EXERCISE REQUIREMENTS: Each line, starting at the one with "Kazachstan prijswijzigingen Appels" and running to the end of the data below, is to be set down again exactly, both ends included; leave pictures out.

[Extracted data entries]

####

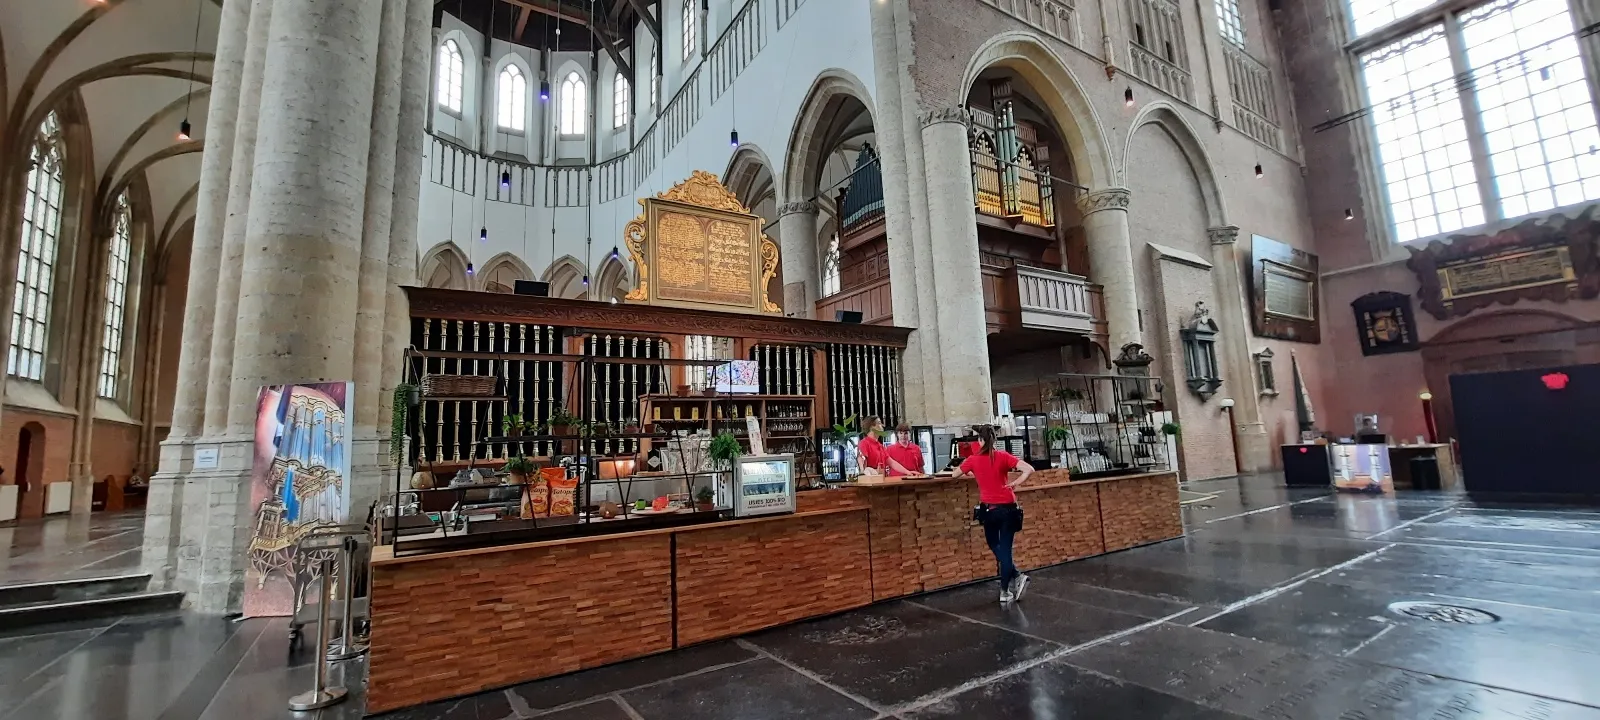 Le café dans l'église Pieterskerk à Leyde, Hollande-Méridionale © Daniel Desjardins
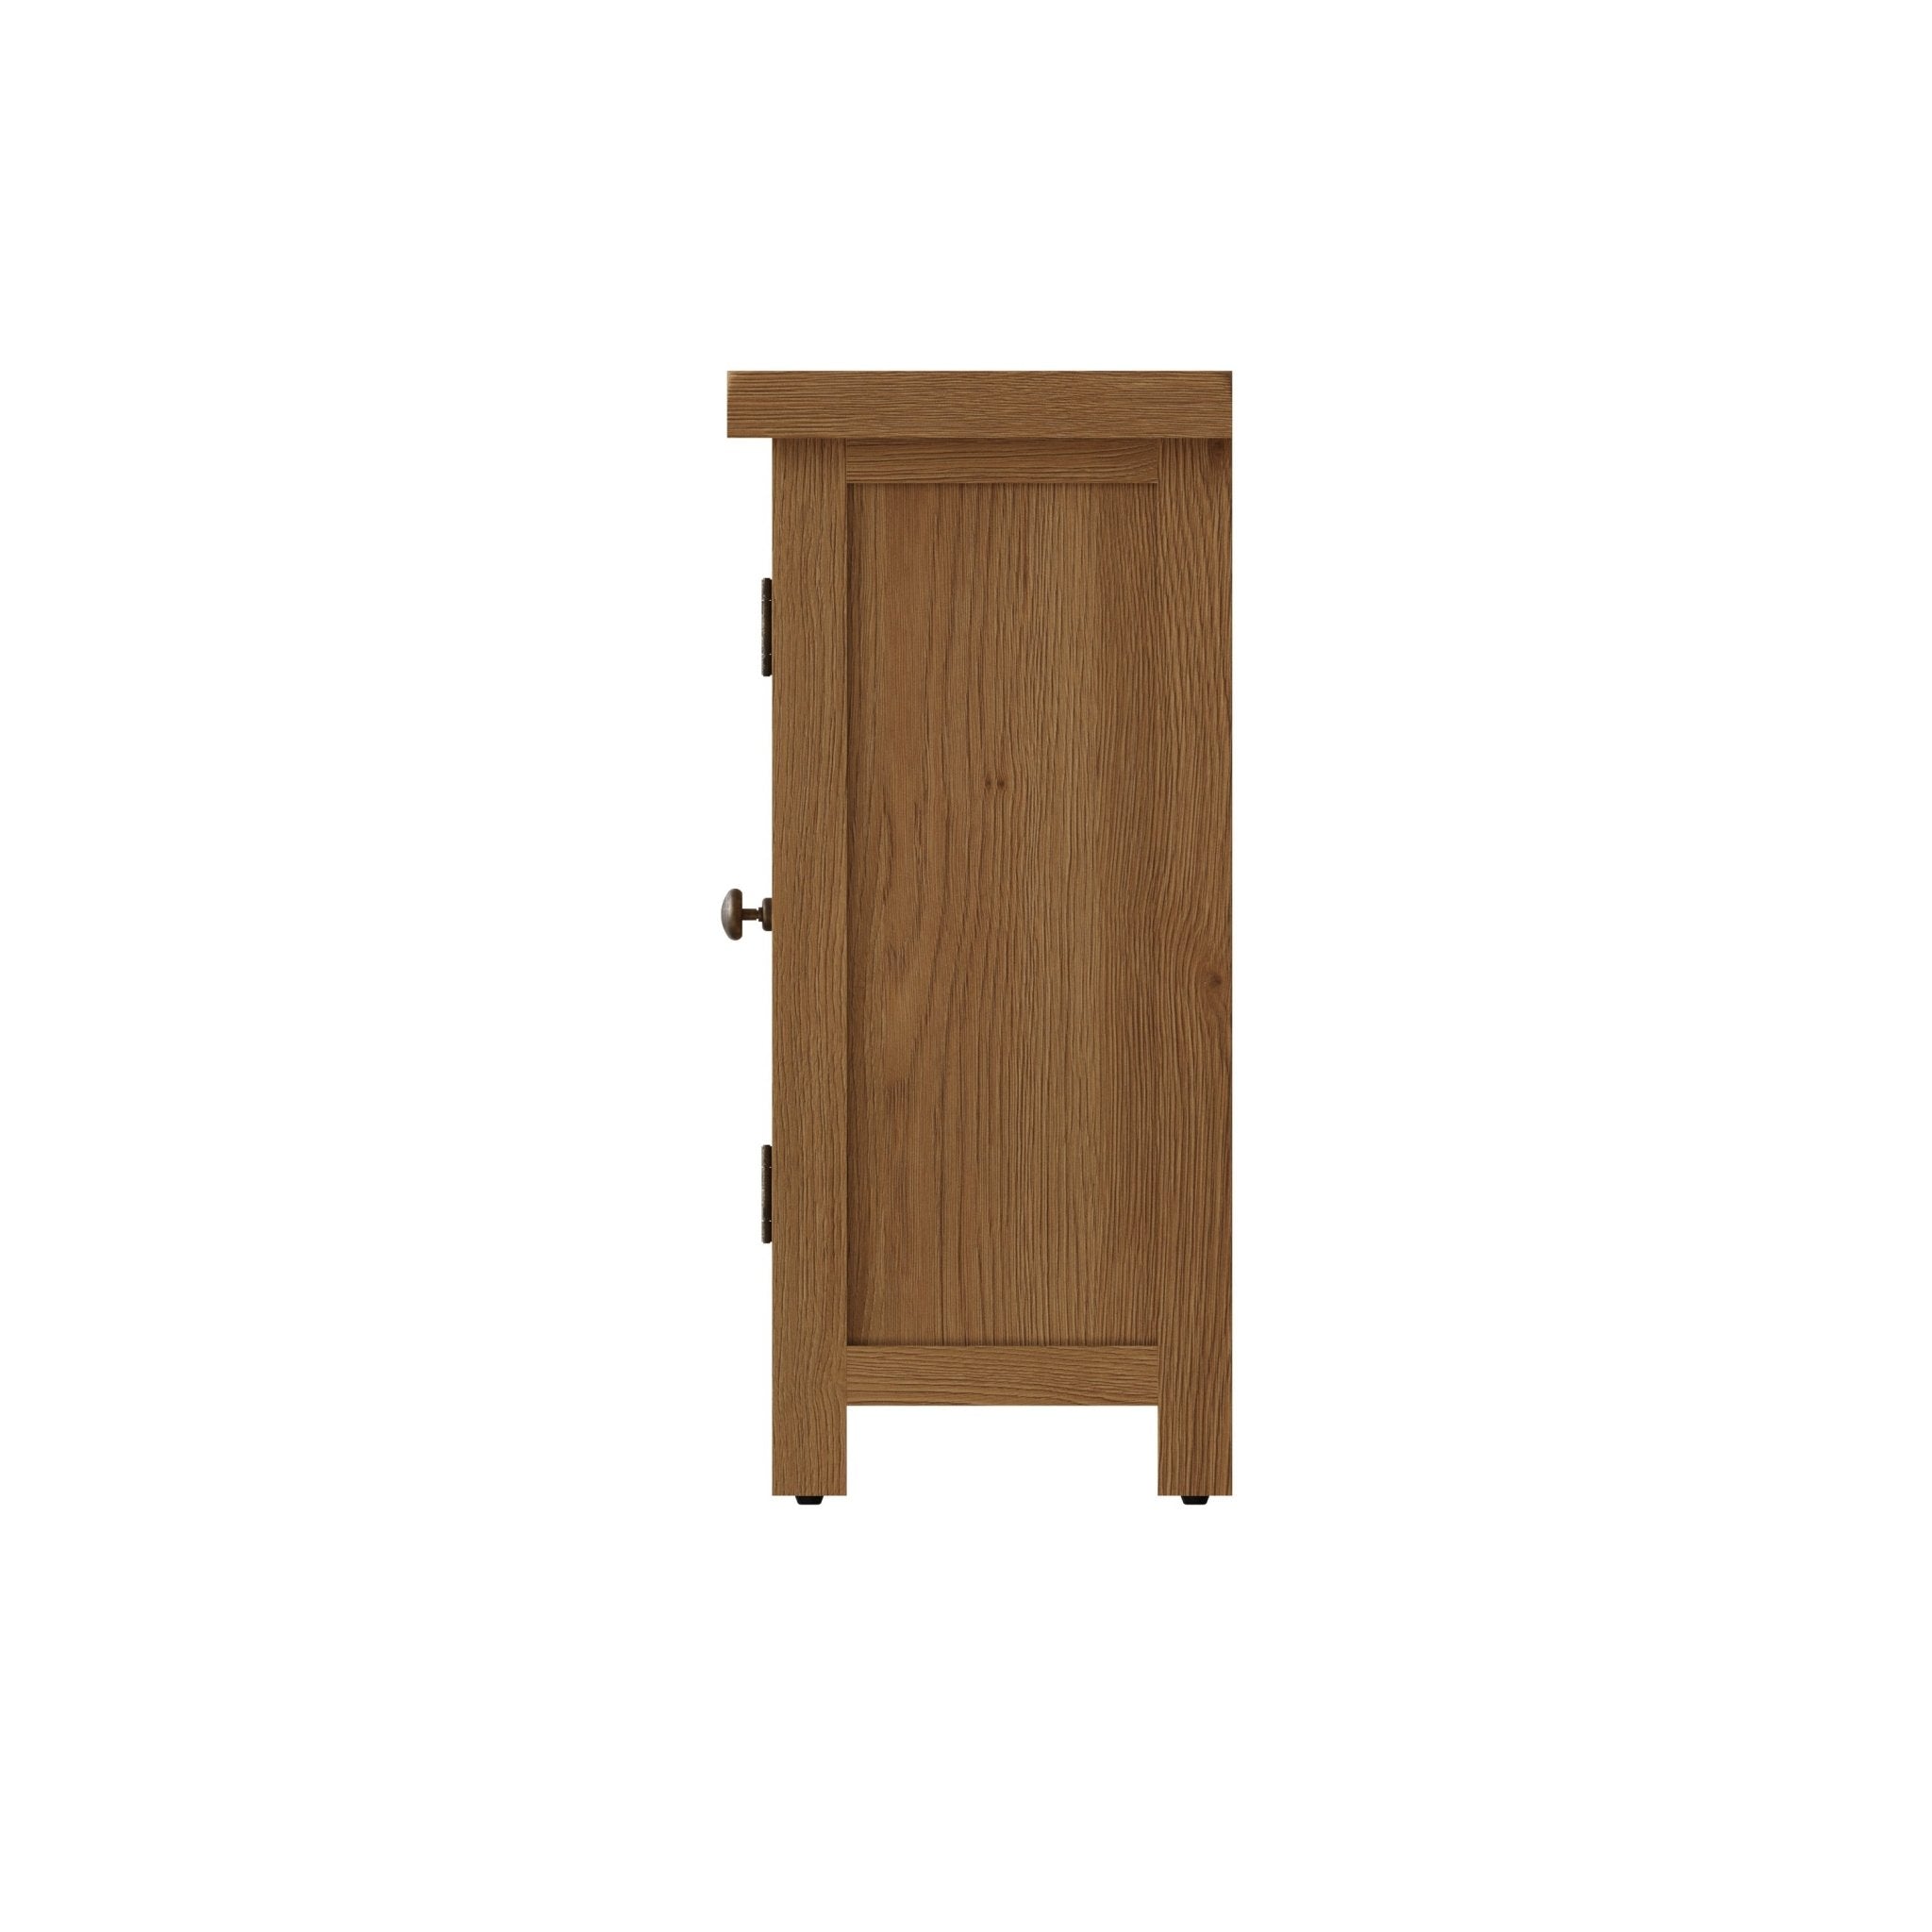 Kirdford Oak 2 Door Cupboard - Duck Barn Interiors
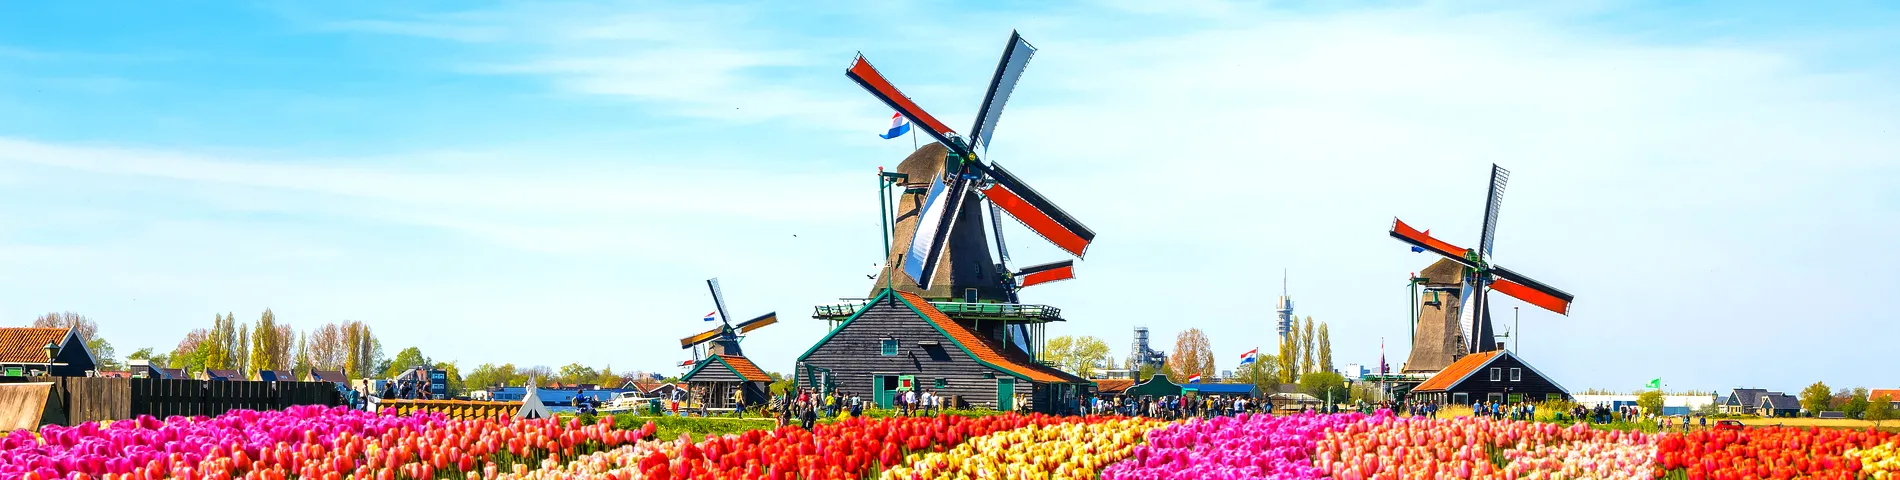 هولندا - 
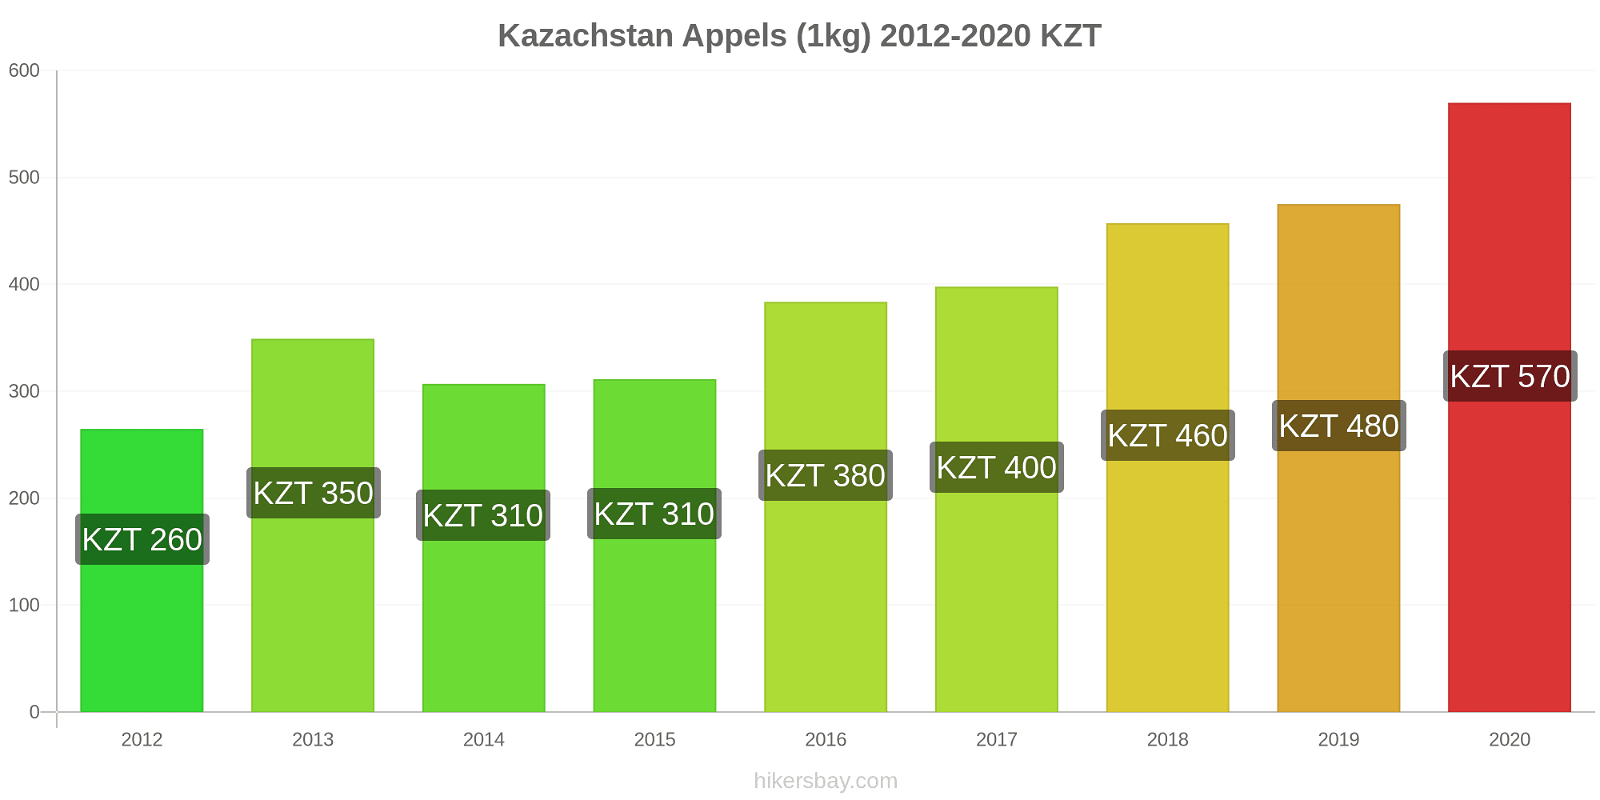 Kazachstan prijswijzigingen Appels (1kg) hikersbay.com
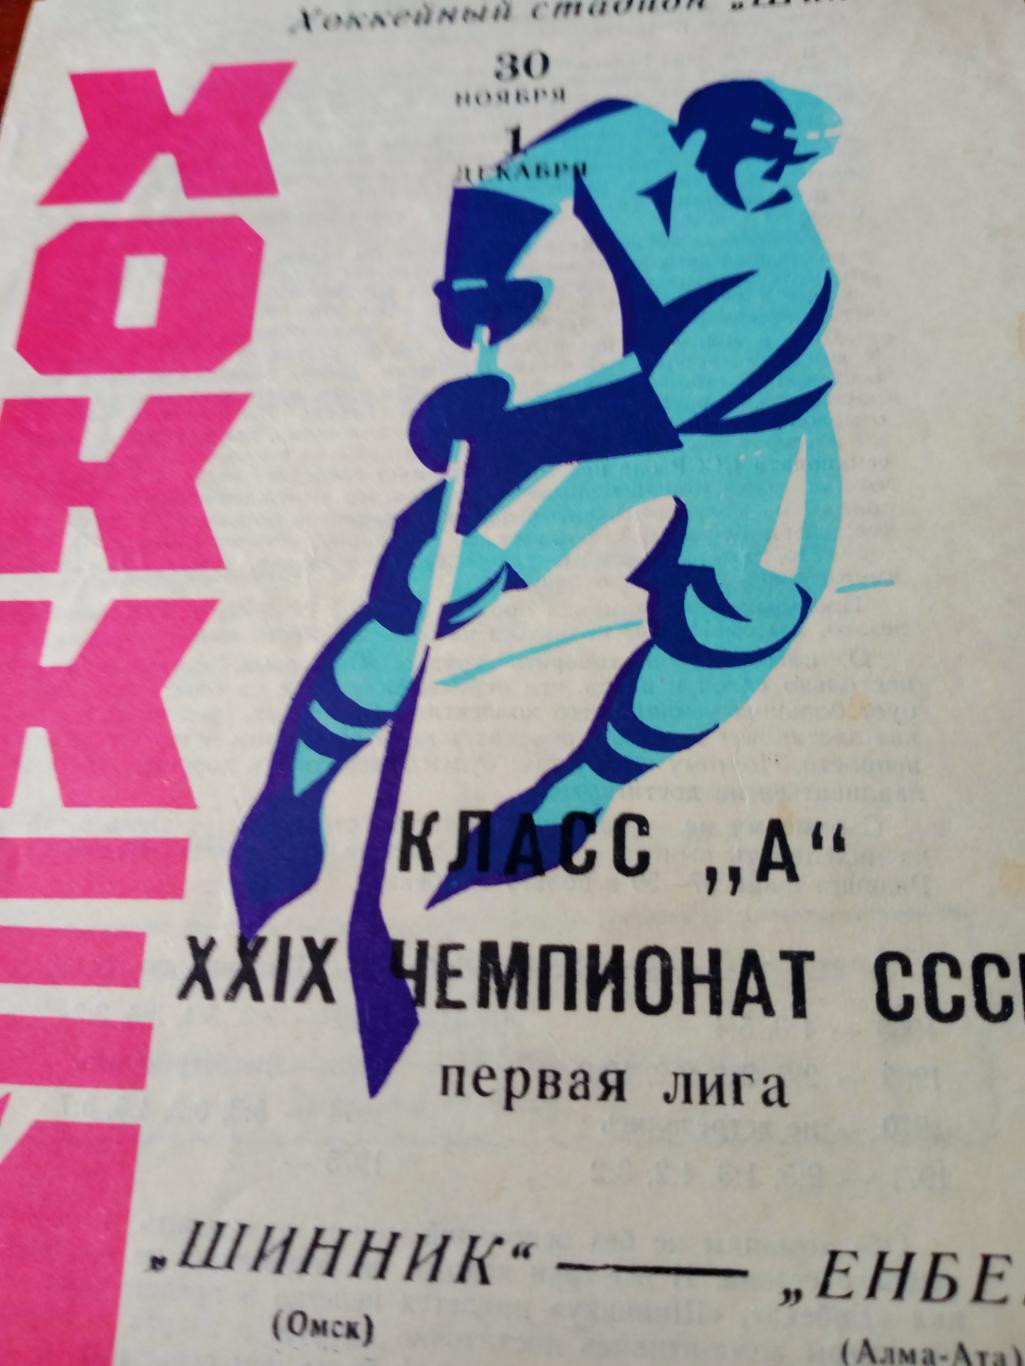 Шинник Омск - Енбек Алма-Ата. 30 ноября и 1 декабря 1974 год

####

RESPONSE BELOW:
 Kazachstan prijswijzigingen Appels (1kg) hikersbay.com
 Шинник Омск - Енбек Алма-Ата. 30 ноября и 1 декабря 1974 год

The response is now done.